JWs and the fear of death

by greendawn 20 Replies latest watchtower beliefs

  • greendawn
    greendawn

    There was a recent thread on whether the WTS attracts emotionally disturbed individuals which is unlikely to be the case since so many JWs do not fit that description.

    Later I thought perhaps the WTS appeals to people that deep inside have a fear of death which is scientifically called thanatophobia (from the Greek word thanatos which means death) an excessive and abnormal fear of death.

    What do you think, many JWs find it very difficult to come to terms with the inevitability of their (and everyone else's) death and the WTS plays with this fear and makes them believe that the end of this world and immortality for the dubs are very near.

    It's comfortable to know that death has been put at a distance. But if the end is near all the urgency that facilitates the control of the WTS over them remains in place.

  • KW13
    KW13

    i dont know about before, but i do know that right now i have a fear of death, the thought crossed my mind weekly if not almost daily.

  • Gopher
    Gopher

    I'm with KW13 on this one. While a JW, I really didn't have a fear of death. Their teachings that you could live forever if Armageddon came soon, or could get resurrected it if Armageddon delayed, brought about a sort of ignorant euphoria.

    However after leaving JW's and leaving behind that euphoria, the fact of my mortality met me head-on.

    I think that JW's attract people who feel something is missing in their life, be that discipline, hope, fellowship or whatever. Maybe the false hope they offer attracts people who are struggling with the fact of mortality.

  • Mum
    Mum

    Isn't it strange how different we can be. I feared death much more as a JW than I do now. Demons, too.

    Now my biggest concerns are overeating and being punctuality challenged.

    Regards,

    SandraC

  • collegegirl21
    collegegirl21

    I don't think my parents would have went into the religion has it not have been for my grandma dying. My parents had studied for a couple of years before my grandma died and they made no progress, but I think when she died, their bible study conductor used that fact to lure them in. My dad got baptized within a year of my grandma dying and my mom quit smoking and began seriously studying when that happened.

    I don't think it was their fear of dying, but it took someone close to them dying and the hope of seeing her in the "resurrection" to make them believe.

  • greendawn
    greendawn

    That's the point I try to make that once someone becomes a JW the fear of death is soothed due to the JW ideology and once someone leaves it can return. Some of the JWs I knew seemed to have had a deep fear of mortality that the org counterbalanced. They needed an illusion to free them from the reality of being mortal and transient on this earth.

  • Gopher
    Gopher
    They needed an illusion to free them from the reality of being mortal and transient on this earth.

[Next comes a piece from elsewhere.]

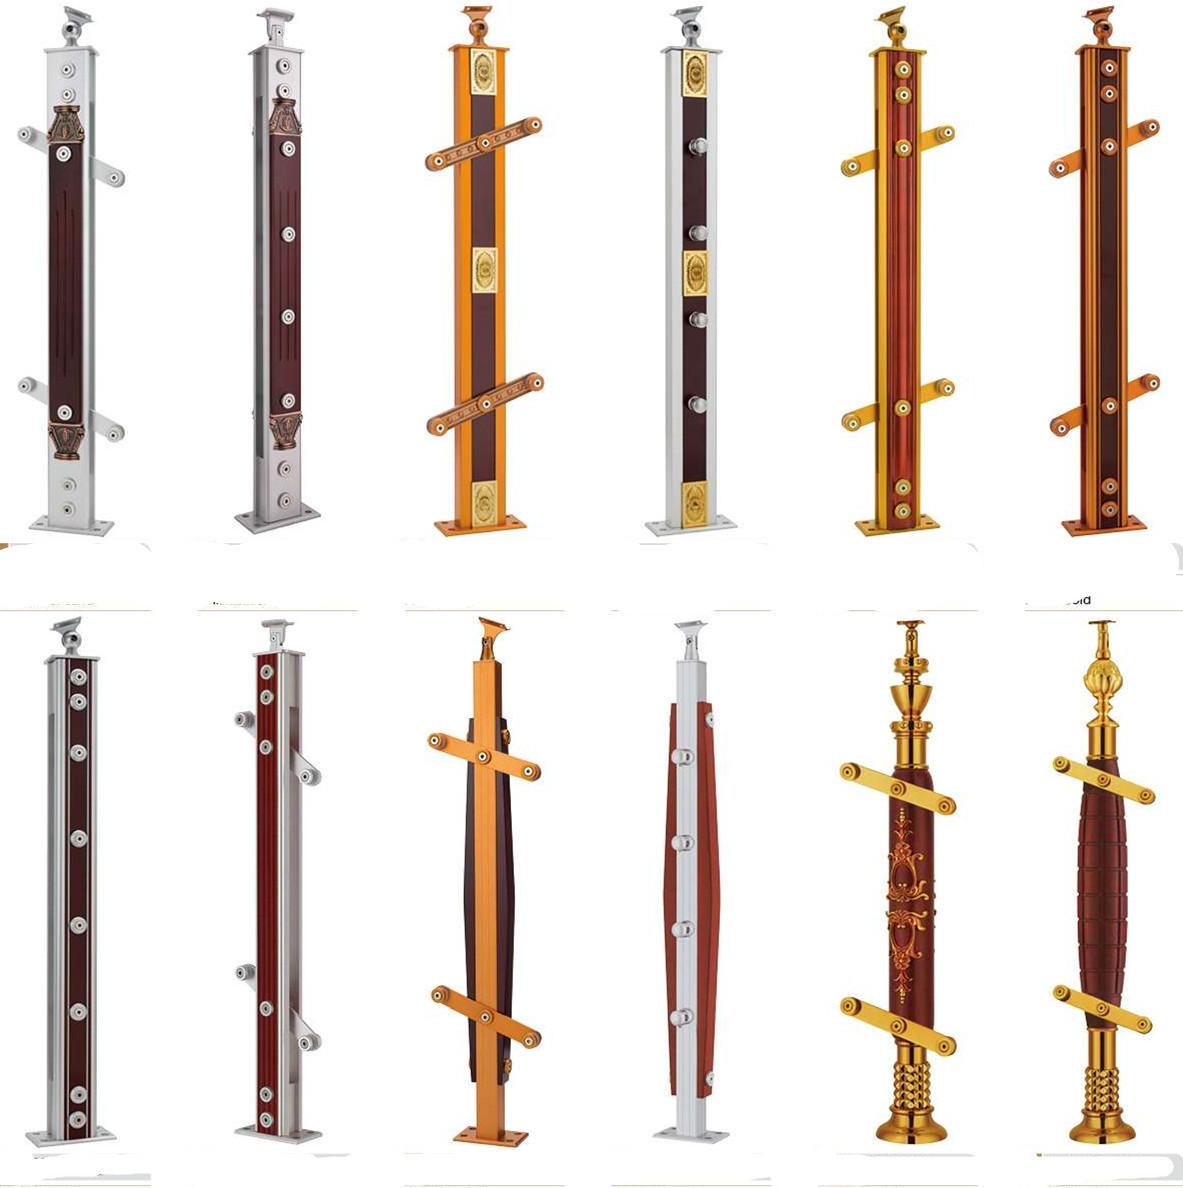 【在梯艺方】铝镁合金夹木楼梯立柱砂金栏杆扶手2082

    This fear is what holds people to a lot of religions, IMHO -- not just JW's.

  • sass_my_frass
    sass_my_frass

    Yeah I'm trying to work out a similar thing. I have thought about telling my JW siblings, in their thirties, that they're going to grow old and die, but maybe they're not very much different from non-JWs in their thirties. That's a long way away for anybody. By your thirties you have an understanding that it will eventually happen and that you're not invincible, but to JWs it's such a foreign concept, and armageddon is so obviously close, that it won't be anything you'll ever have to face. The older ones in their congregations who are dying are to be respected and honoured for their lifetime sacrifice, but that won't be happening to them.

  • ARoarer
    ARoarer

    Kind of like what Satan said to Eve, " you positively will not die" WT is saying the same thing to

    their gullible followers. If you partake of thier spirtitual food you positively will not die, but live forever just like God.

  • flipper
    flipper

    Greendawn- I think gophers point was good in that their "alledged" hope of a resurrection keeps them in this false plastic hope for the future , banking on promises which you and I know won't materialize. It's what makes them weirdly " Stepford Wiveish" at funerals where they don't show any real emotion or sadness, just a giddy plastic little smile and the statement to the bereaving family," Oh brother or sister so and so, he or she is just resting now waiting for the resurrection. Won't it be grand to welcome him or her back?!" Gawd, that creeps me out . It hinders them showing real grief at funerals, which in my opinion my friend shows real mental illness. So I feel you can tie the two points together. Having an unrealistic view of death warps proper emotional comforting of others when they obviously need it of the can't stand witness funerals class!